Karen also founded Ivy Educational Consulting, which specializes in consulting with enrollment management professionals on best practices for recruiting low-income students. Karen works with community based organizations to expand their college preparation programs to meet the needs of low-income students with difficult academic profiles. With the economic downturn, and its negative impact on educational access, Karen became engaged in research with the goal of solving the problem of affordability, loan debt and decreasing credit worthiness among middle and low- income families. Karen strives to become a thought leader on strategic admission and financial aid as a method of ensuring access to higher education for low and middle income students. She is actively writing and presenting her study at professional conferences and looks forward to publishing a parents' guide for balancing college choice and affordability by the end of 2013.
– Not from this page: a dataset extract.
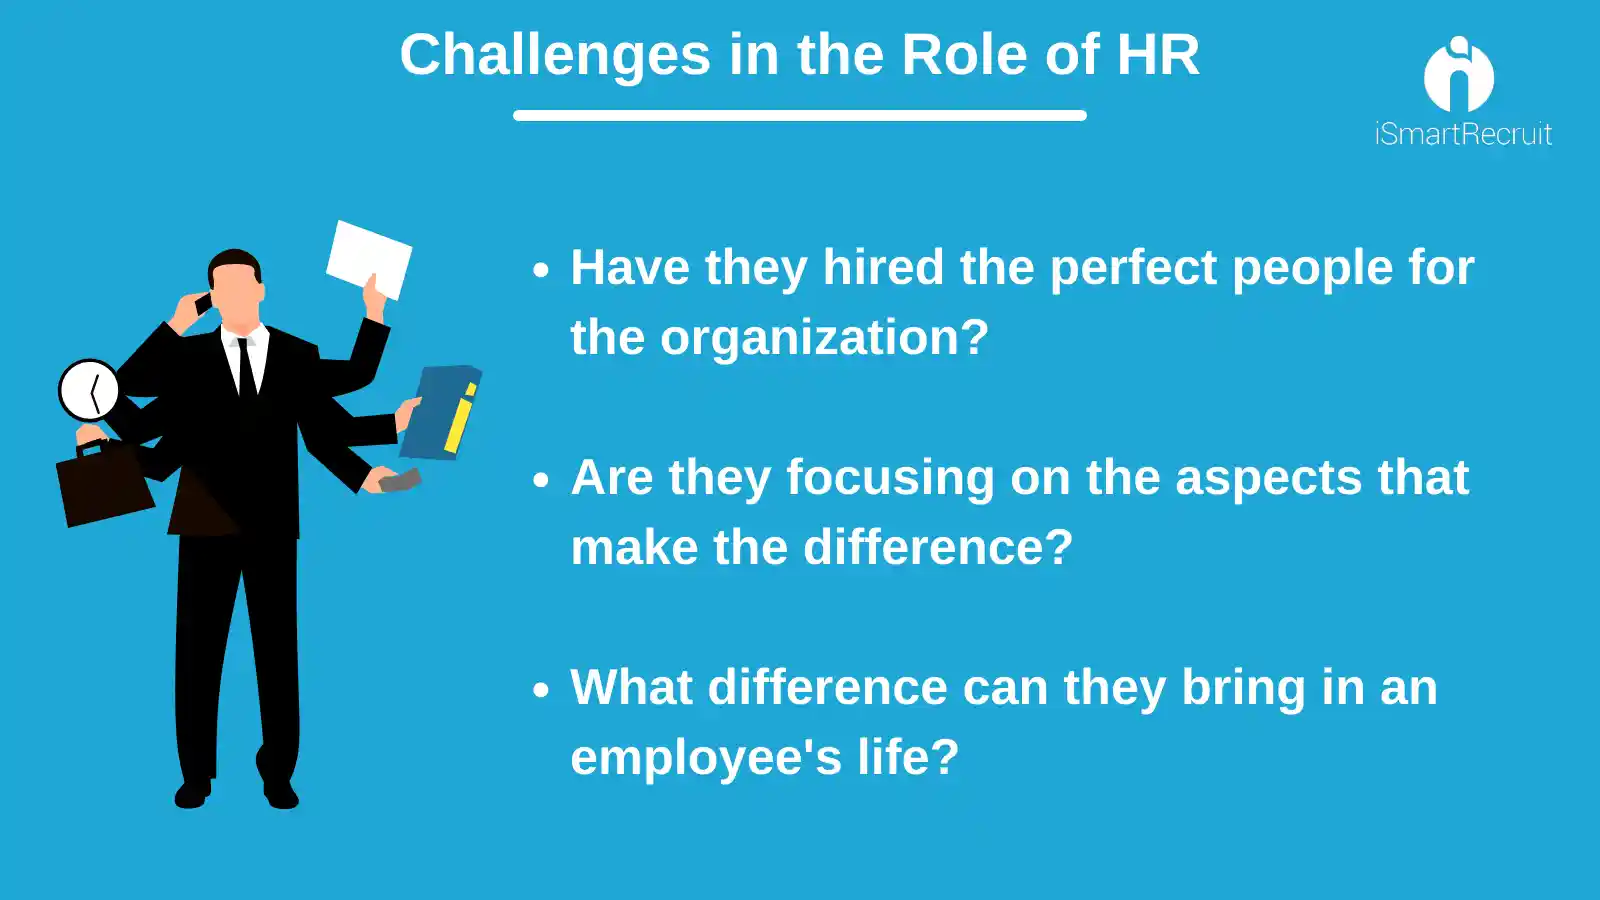 challenges in the role of HR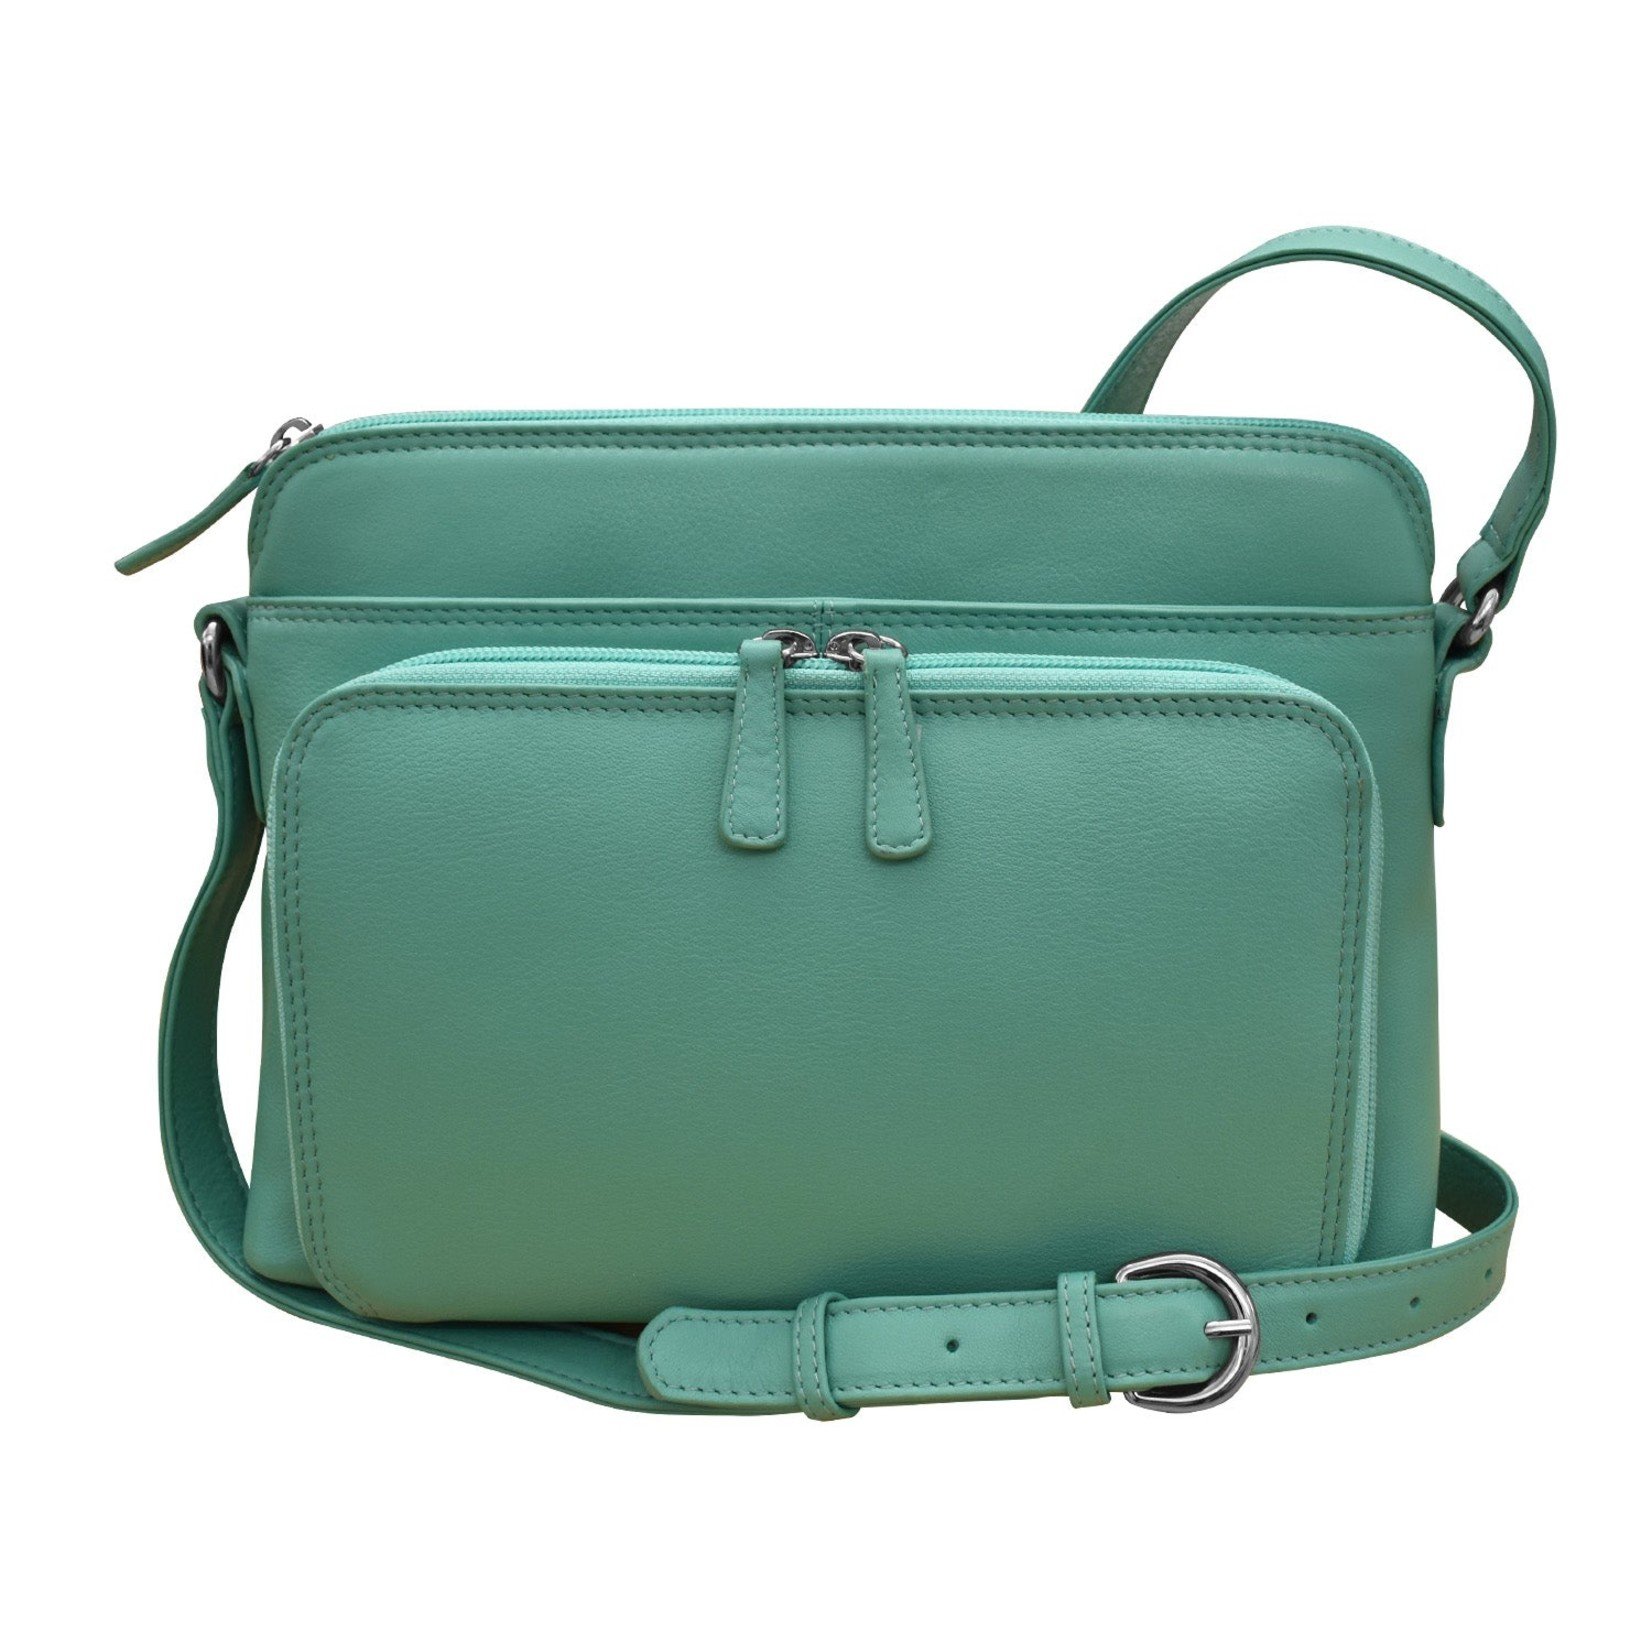 Leather Handbags and Accessories 6333 Turquoise - Organizer Bag

Petra W. Platt, Program Coordinator, Language Based Enrichment Program, Braintree High School
Petra Platt successfully defended her doctoral thesis in June 2013 in the Doctor of Education program at Northeastern University. Her doctoral thesis is a phenomenological study of the lived experience of students with moderate special needs disabilities in postsecondary transition. She has worked as a teacher and an administrator in the field of special education since 1997. Petra earned her Master of Education in Secondary Curriculum and Instruction and her Master of Education in Moderate Special Needs Education from Boston College. She earned her Bachelor of Arts from Bowdoin College.
Elizabeth F. Kinzley, MS, CAGS, Math, Science, & Technology Coordinator, Lynnfield Middle School
Liz Kinzley is a math, science and technology educator, passionate about getting kids of all ages excited about science. She is dedicated to providing guidance and support for educators as they infuse inspiration into the rigorous and relevant learning experiences they create. The 21st century needs a new kind of learner – one that can think expansively and solve problems creatively. In this age of assessment and accountability, the importance of developing STEM programs that meet a myriad of educational and business demands while being engaging is tantamount, and gives educators a critical role in students’ STEM success. Liz’s dissertation topic, An Analysis of an Effective Model of STEM Education Integration, aims to determine the relationship between innovative instructional practices and outcomes associated with successful STEM college and career placement by providing an in depth analysis of teaching pedagogy, curriculum documents, and classroom context.